MOSCOW (Reuters) - Russia agreed on Monday to write off most of Iraq’s $12.9 billion debt in a deal that opens up Iraq for $4 billion in investment from Russian firms, including oil major LUKOIL.
Finance Minister Alexei Kudrin told reporters Russian companies would be allowed to invest up to $4 billion in Iraq under a new inter-governmental memorandum signed with visiting Iraqi Foreign Minister Hoshiyar Zebari.
“We have an agreement from the Iraqi side to pay special attention to the previously signed deals,” Kudrin told reporters. He named LUKOIL, whose stock rose 3.5 percent by 7 a.m. EST, outperforming the market.
“There is a government pledge to treat us with maximum care. As to the legal subtleties, they will depend on (Iraqi) legislative changes,” Kudrin said after talks with Zebari.
Moscow had already forgiven Iraq the bulk of its debt. The remaining $12.9 billion dated back to Soviet-era supplies of military equipment.
Monday’s deal was expected to go through unconditionally after the latest round of debt talks in mid-2007 produced no result because Iraqi officials said they considered Moscow’s demand for preferential access to Iraqi oil unacceptable.

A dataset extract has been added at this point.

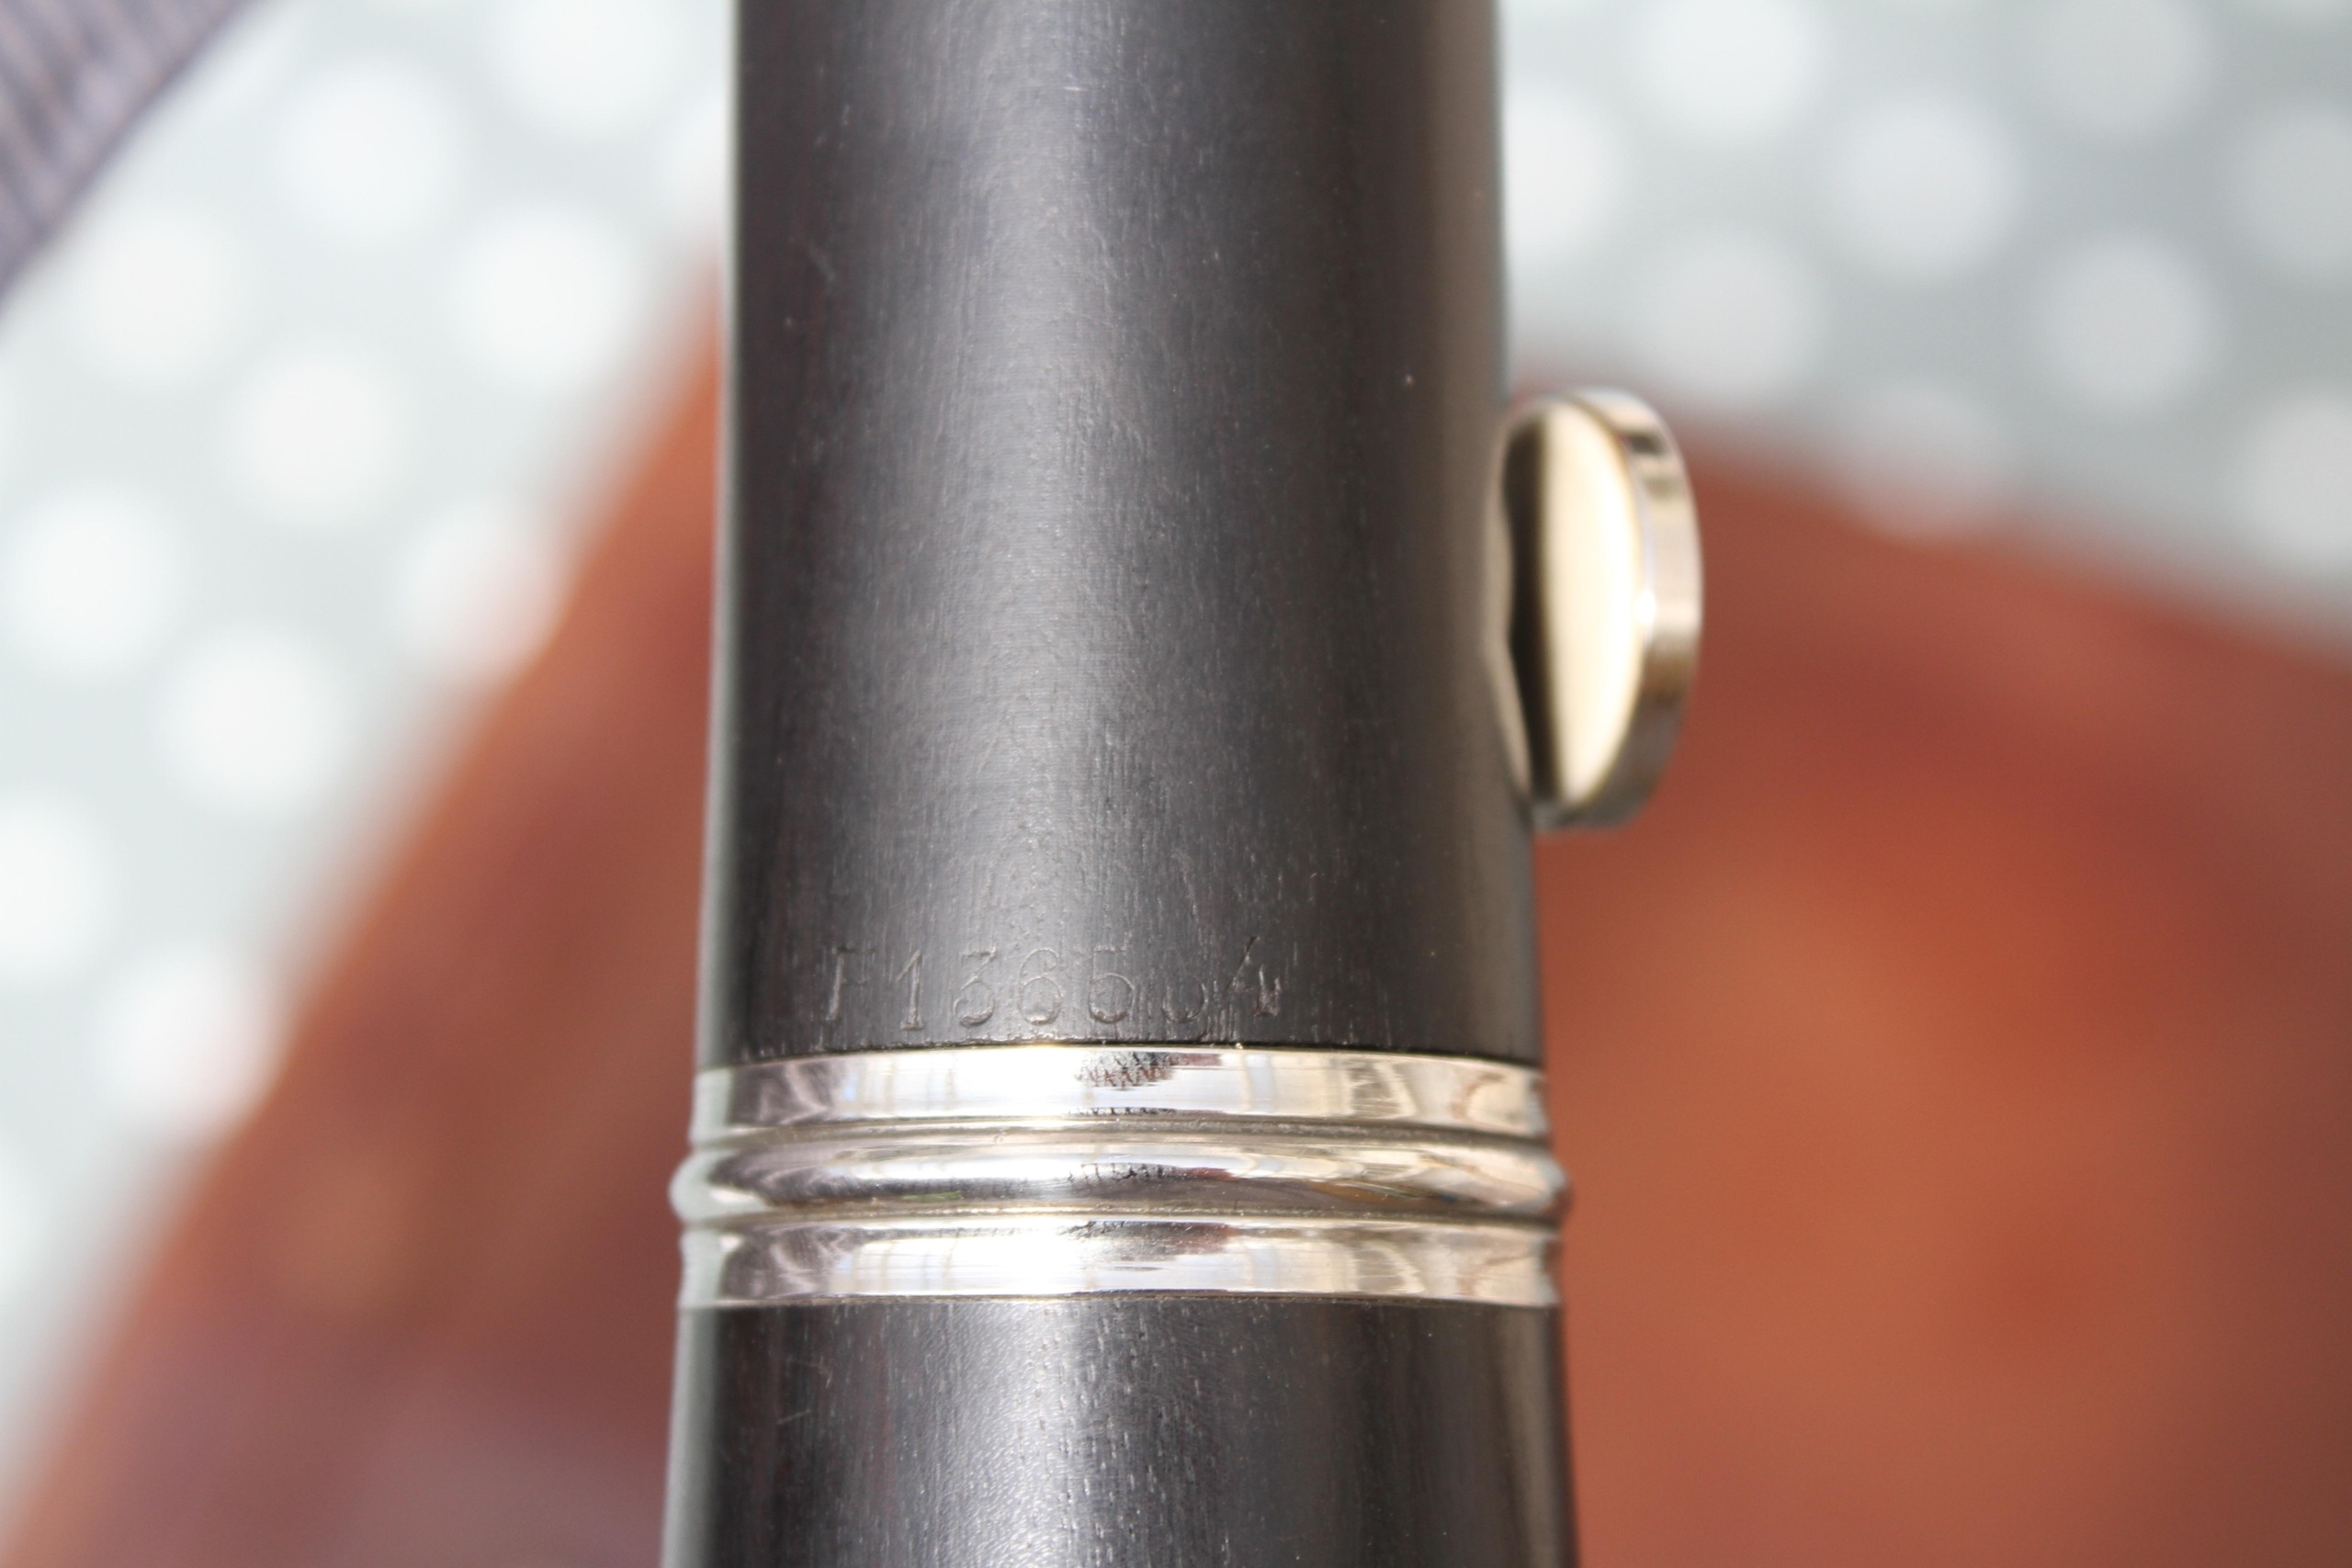 evette buffet clarinet serial numbers
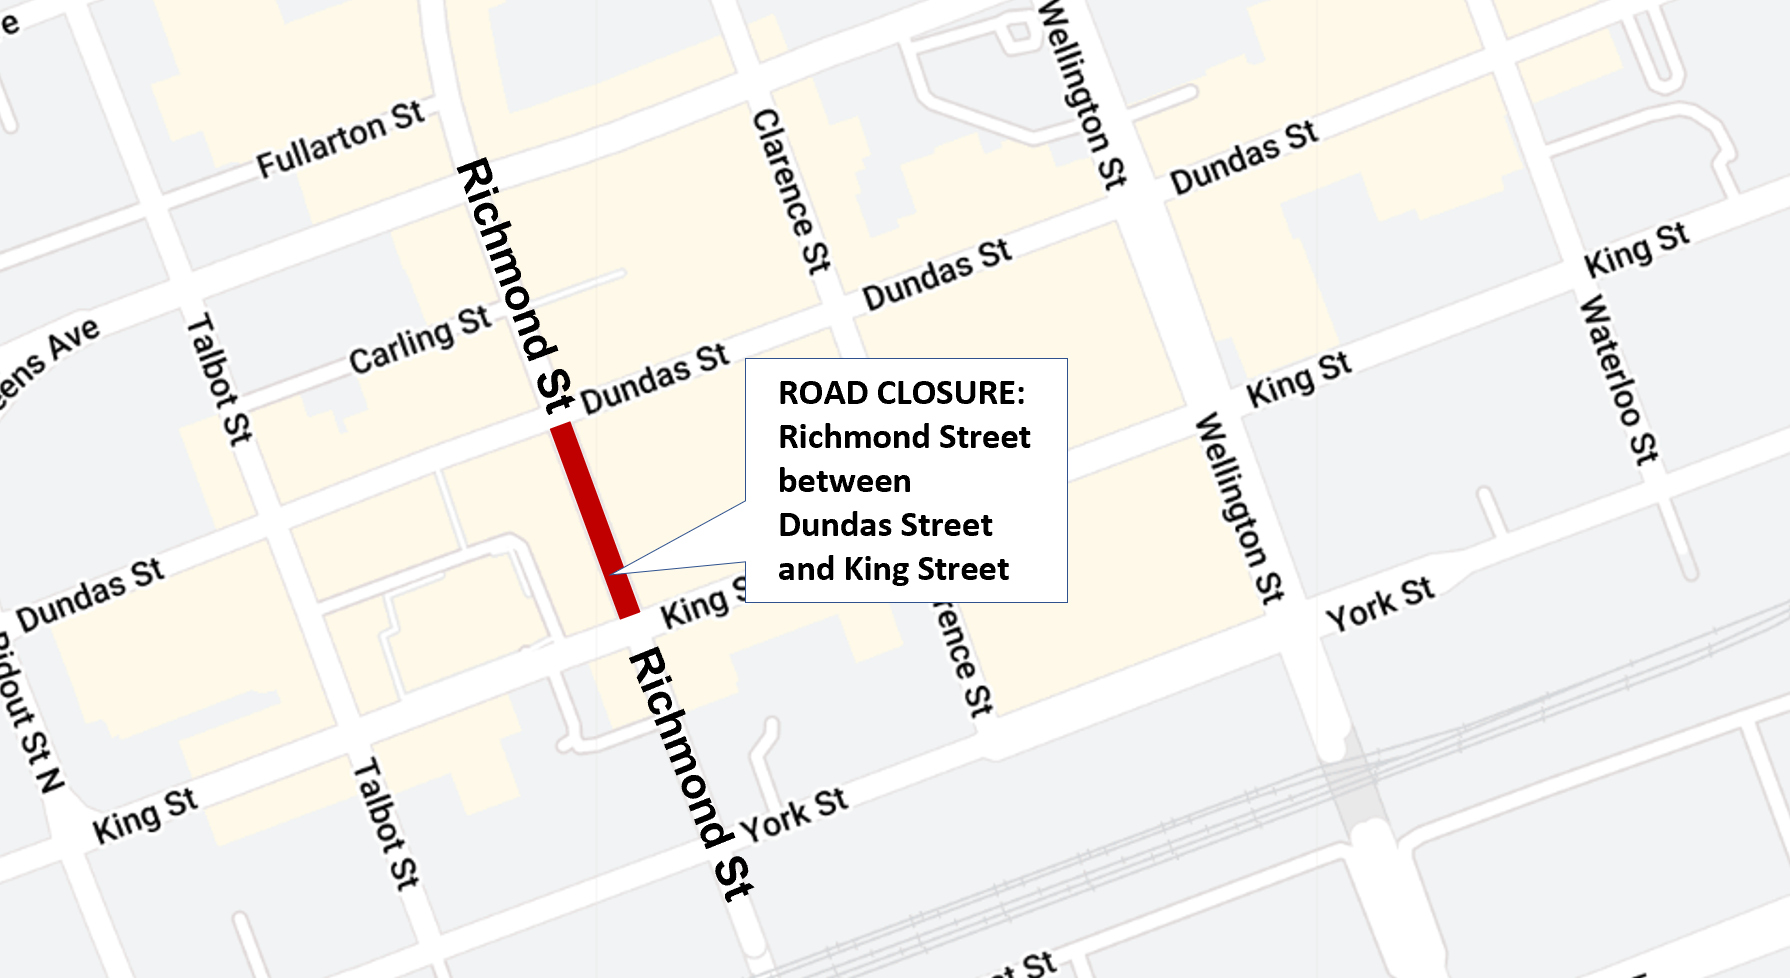 Road closure map to accommodate for filming downtown

Moscow has insisted on the revival of the Saddam Hussein-era deal by LUKOIL to develop Iraq’s huge West Qurna field. Iraqi officials have said Russia also wants to participate in the development of another major field, Rumaila, in return for a debt write-off.
Analysts had long been skeptical about LUKOIL’s chances of returning to West Qurna, one of Iraq’s biggest oil deposits, given the heavy U.S. influence over the country’s government.
The deal’s revival is complicated by the fact that the government of Saddam Hussein scrapped it just before being toppled in 2003, saying LUKOIL had done nothing to launch the field, which could produce 600,000 barrels per day.
The world’s top oil companies have been maneuvering to win a stake in oilfields in Iraq despite huge damage to the country’s infrastructure from decades of wars and sanctions.
Kudrin said his ministry agreed to write off $11.1 billion of Iraqi debt immediately, another $900 million in the next few years and restructure another $900 million for 17 years.